Some laws are based on “natural law” which can be economic.  If the balance of wealth and justice becomes too unbalanced without anyone noticing and then is revealed, the collective emotion of the hive will turn against the “royalty.”  The problem until now has not been that the wealth and dominance have been hidden, but that they are celebrated as a sign of virtue.  Our notion of “arete” is hardly Greek in the classic sense.

Our identification of those who have virtue seems to be limited to those who are dead, and then their deservingness is more controlled by whether there is a monument than what the facts of their lives might have been.

Another danger of the hagiographical (saint-making) approach to arete is that it is sometimes impossible for ordinary people to imitate and that it can shade over into the unreal.  (I’m thinking about Mother Teresa as the popular example of compassion when in fact her frankly stated policy was that it was a “beautiful thing” for babies to starve to death.)

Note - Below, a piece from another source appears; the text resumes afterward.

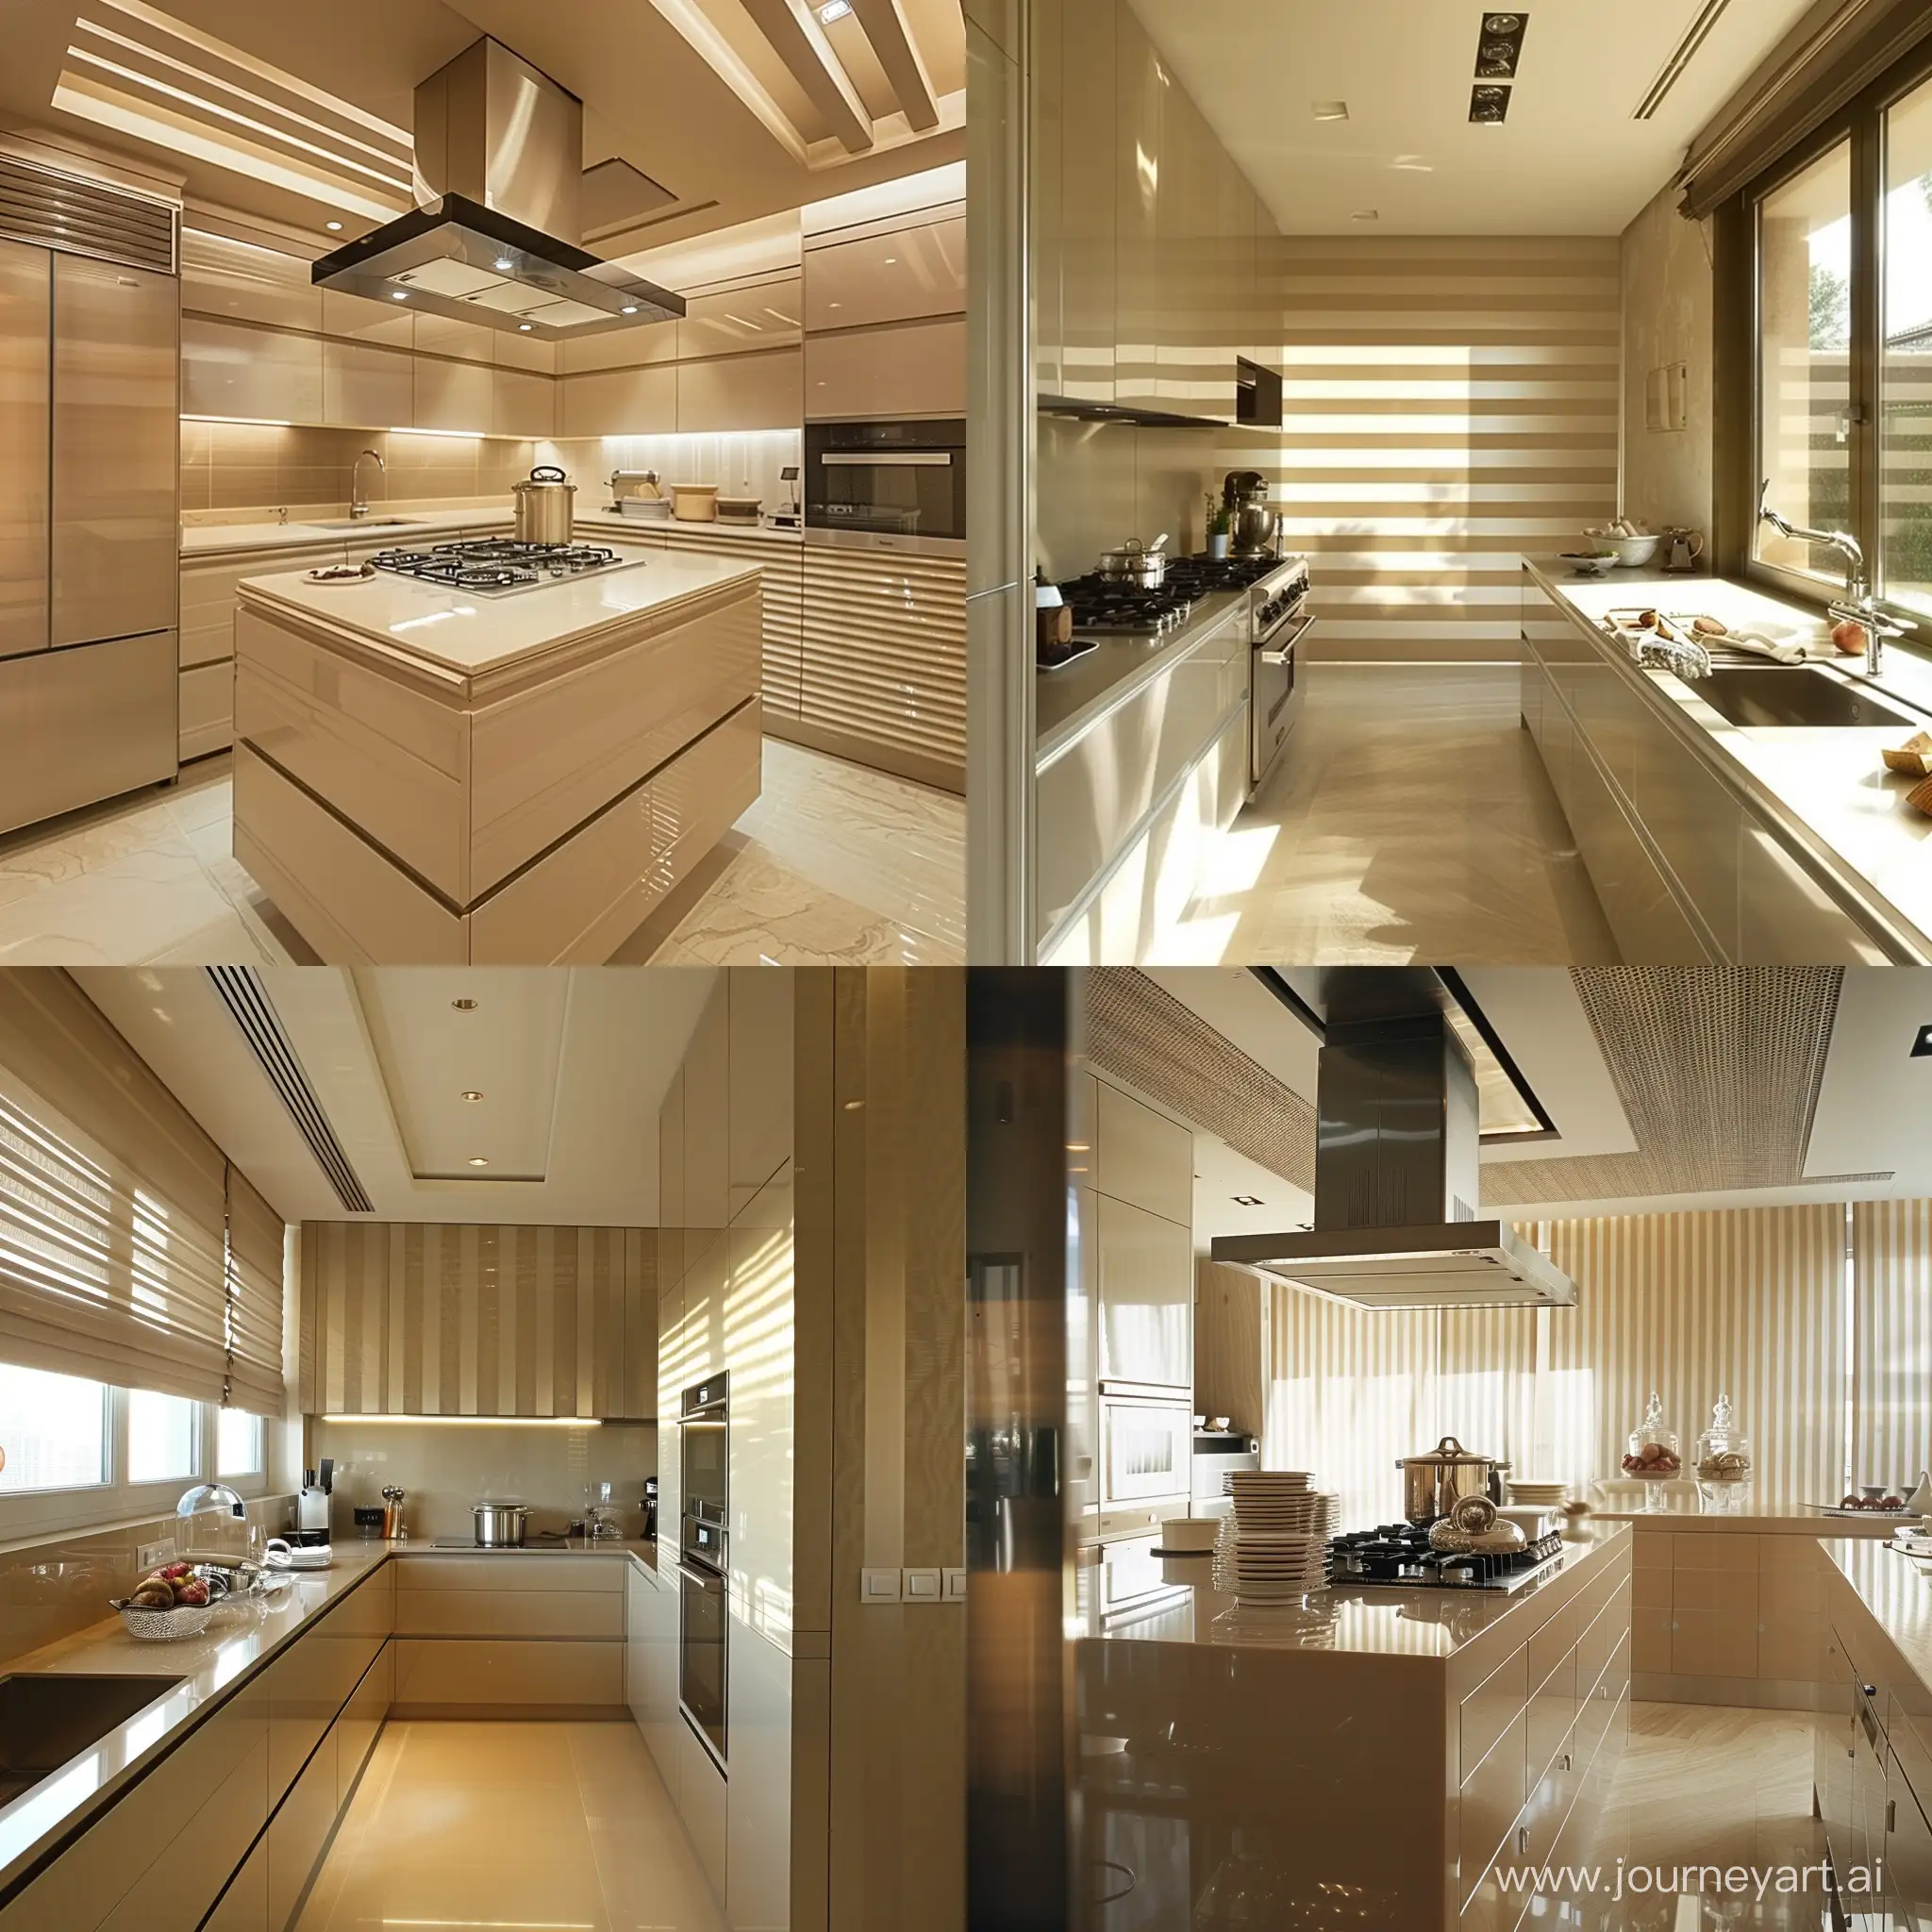 Modern-Beige-Kitchen-Interior-with-Striped-Accents

The technical innovations that have confused so much (the pill, the internet) could also renew our world.  Are changing it now as we gradually begin to understand that Facebook et al are not just communicating with grandma, but are creating a data shadow that is the equivalent of removing one wall of your private home.  We used to worry about the government making a list of all the guns a person owned, so they could come take them away.  Today, those wishing ill to people could just erase everyone’s Social Security account, since those ID numbers are now key to commerce and consequently link to passwords and ads.

One of the problems of data is that they don’t reveal rewards as a result of restraint (NOT prosecuting) or commodification of “favors” to be exchanged as needed, possibly without connections between them.  Computers might not pick them up, though screen writers use them as plot devices all the time.  Emoluments aren’t always obvious.  Did anyone think through Trump’s increased profits from his Washington DC hotel or Mar-a-Lago simply because he was the President?

Another weakness of “rule of law” is that regulation is commonly hidden below the level of public laws that must be openly passed.  If one is willing to play the “long game” by changing small regulations a bit at a time over a long period, one can gradually erode the goal of protective laws into actually becoming an advantage for the already advantaged.  All the marbles roll into a pre-determined corner, quietly, one at a time.

One way people are reassuring themselves about the current mess is saying that government and officials are ALWAYS corrupt, that this is standard, every politician is evil, and there’s no escape.  But I don’t believe it.  Nevertheless, the times feel too much like we are standing up in a canoe.